Instructions for the task:
Pictures aside, the output must consist of the lines from the one containing "Led Lamp Tumblr" through the end of the data, reproduced exactly.

Recorded data:
################
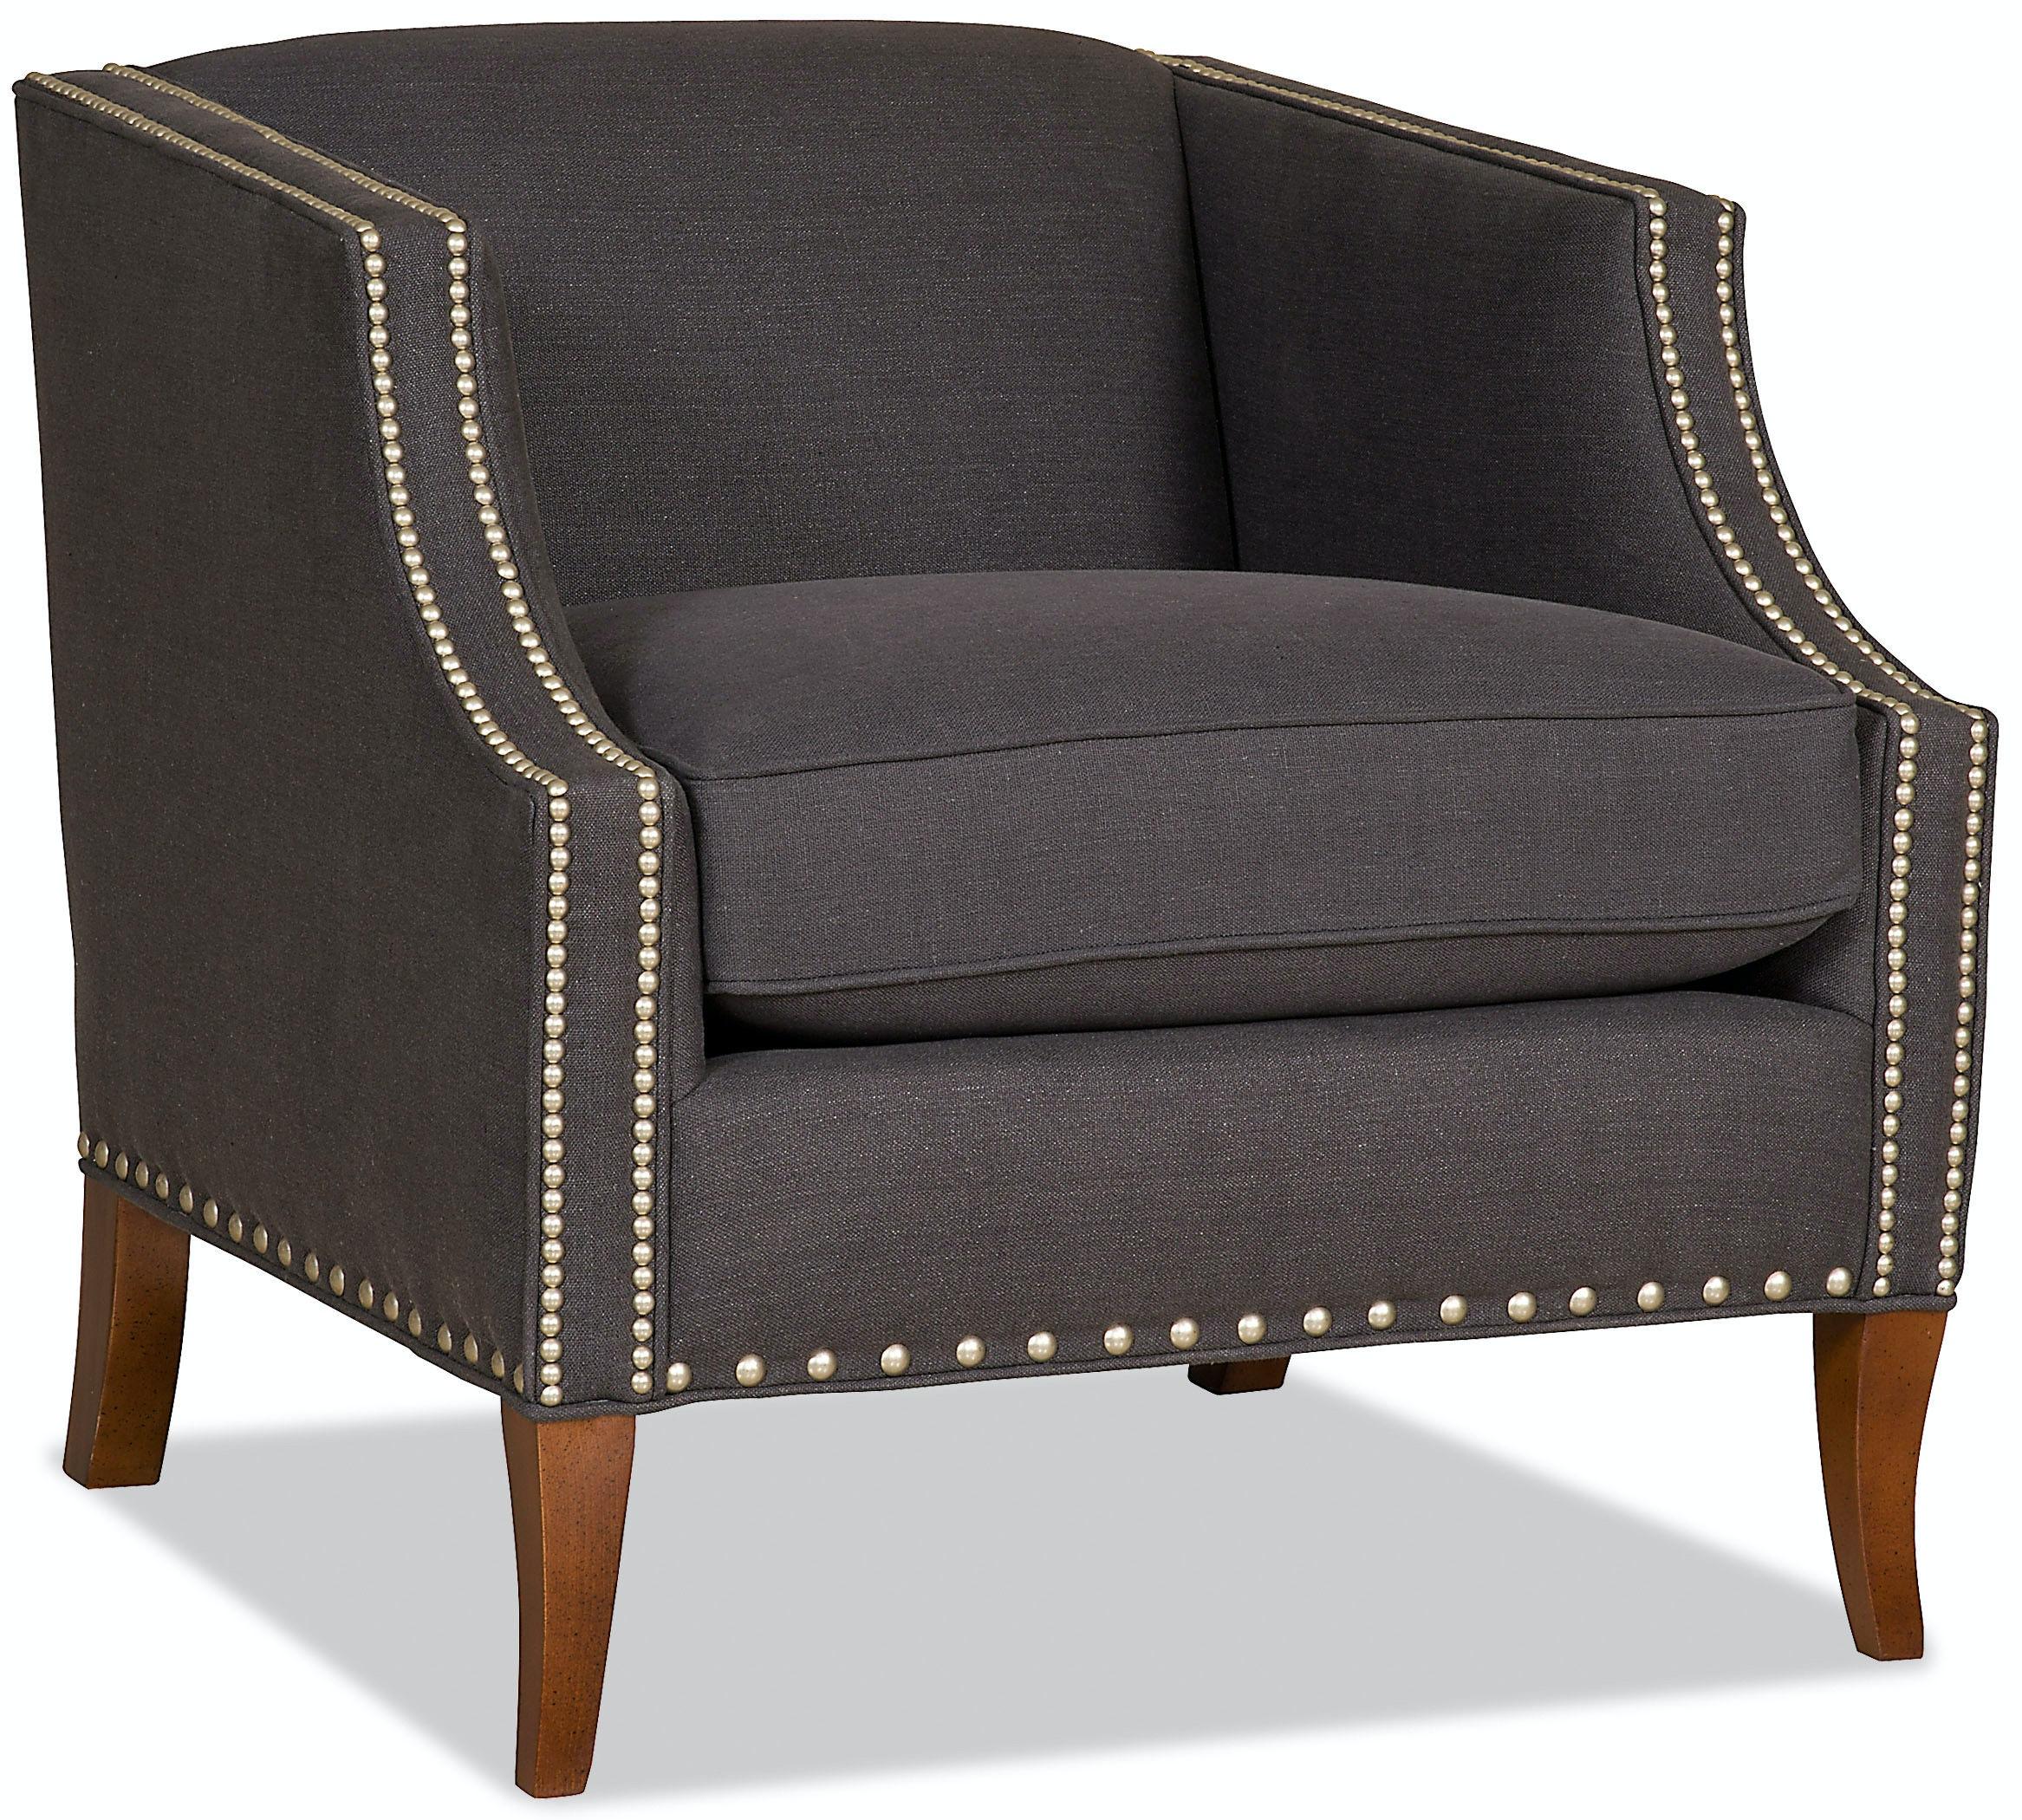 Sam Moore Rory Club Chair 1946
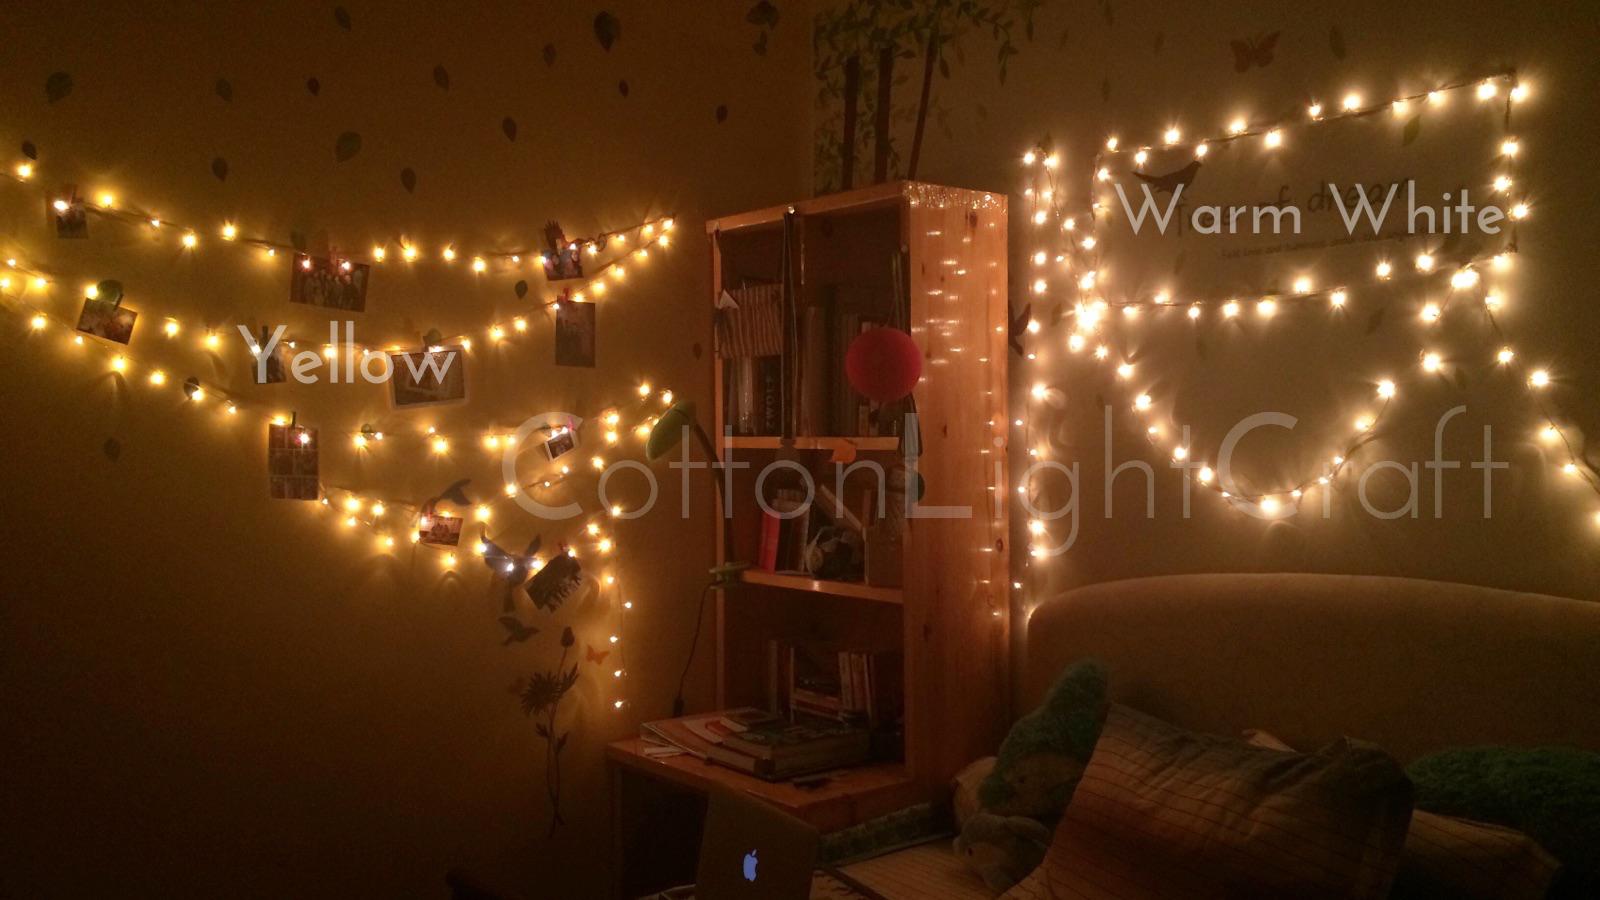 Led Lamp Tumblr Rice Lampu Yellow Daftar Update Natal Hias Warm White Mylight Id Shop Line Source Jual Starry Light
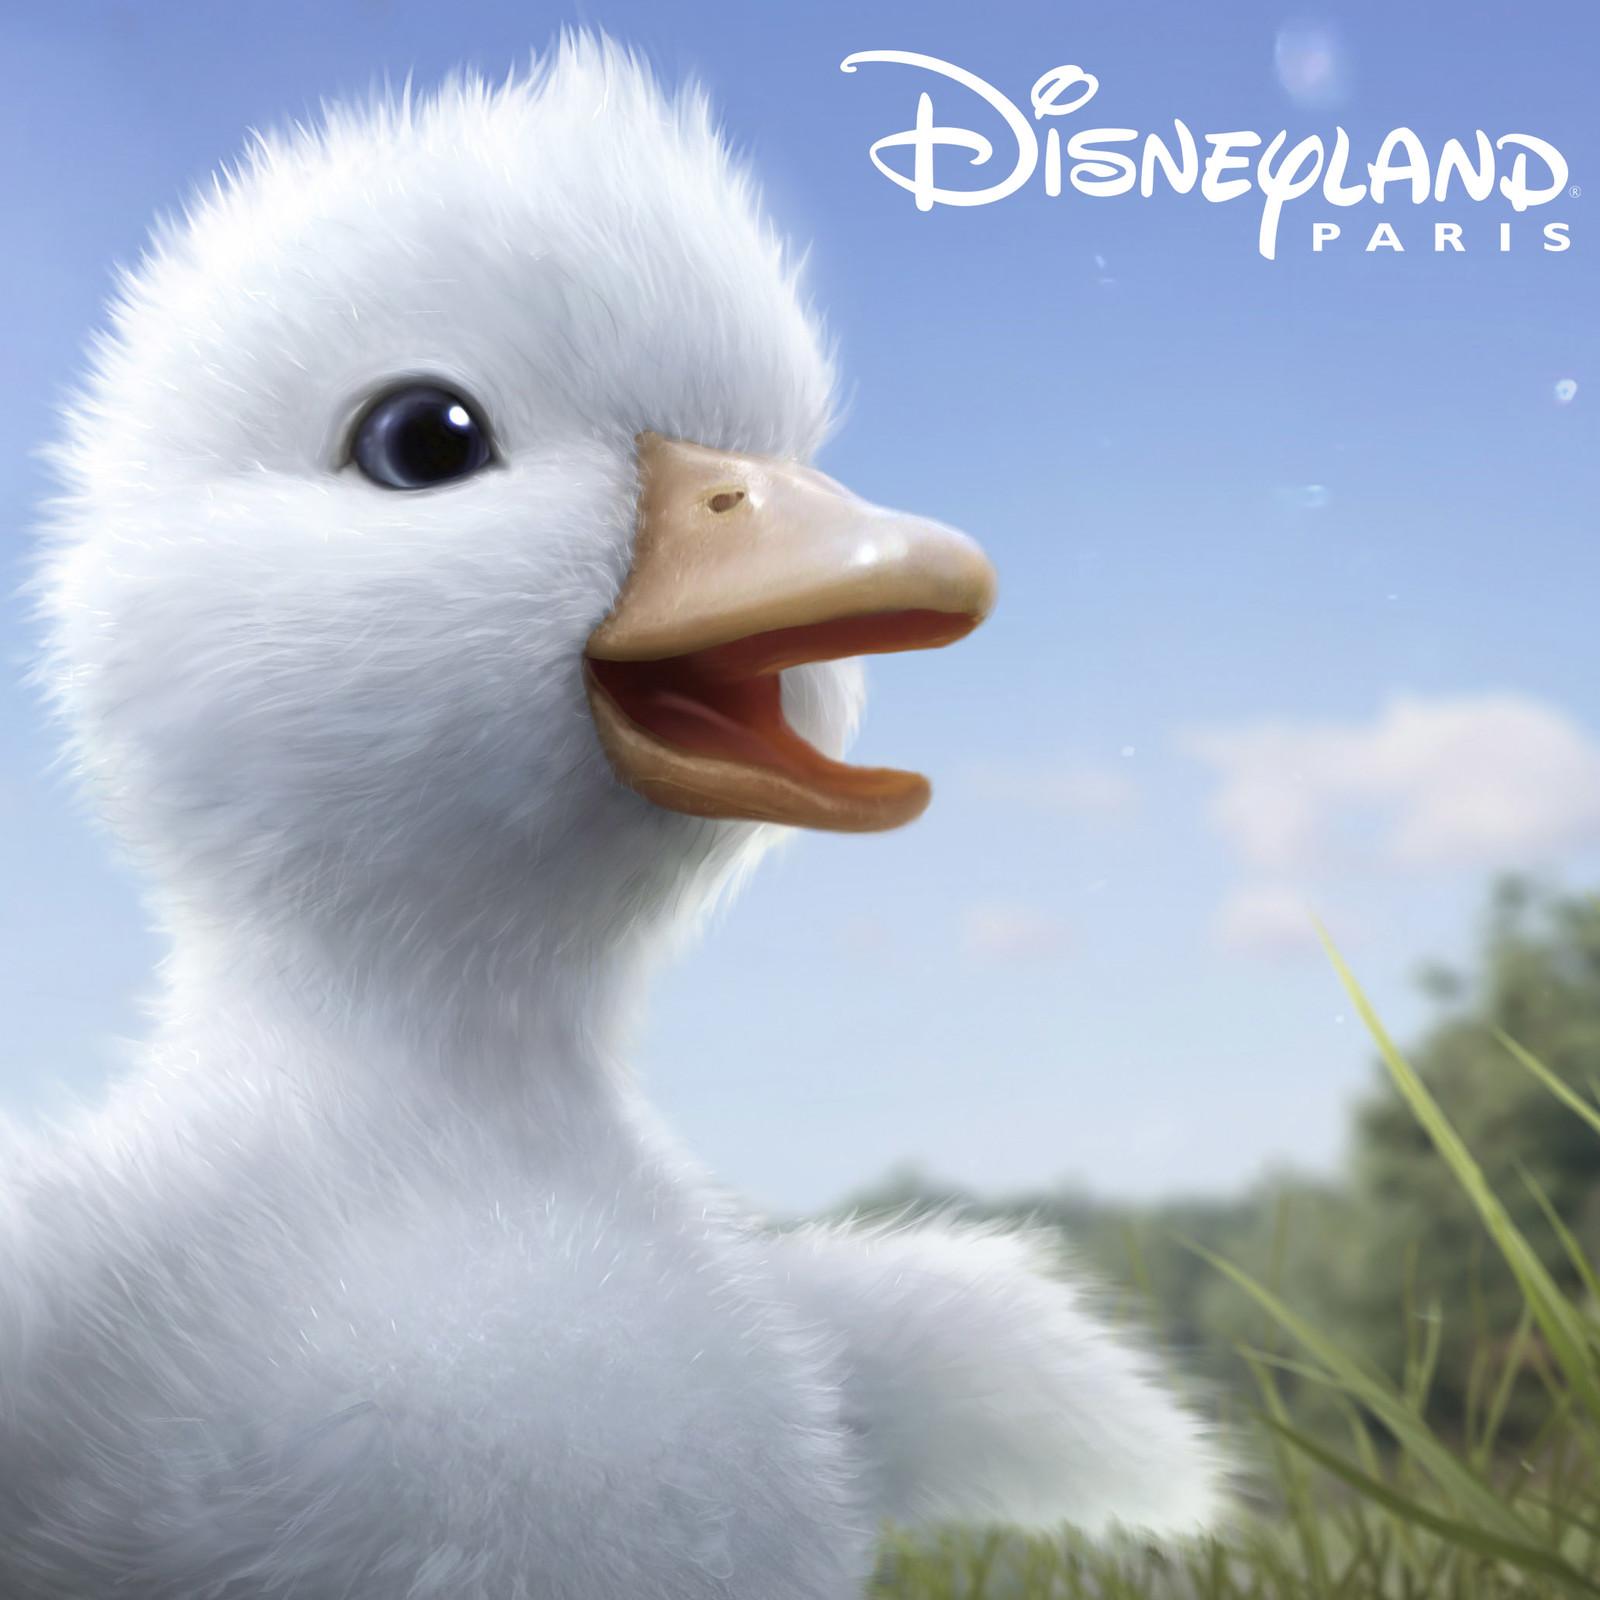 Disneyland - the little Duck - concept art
################
Result of the exercise:
 Led Lamp Tumblr Rice Lampu Yellow Daftar Update Natal Hias Warm White Mylight Id Shop Line Source Jual Starry Light
 Disneyland - the little Duck - concept art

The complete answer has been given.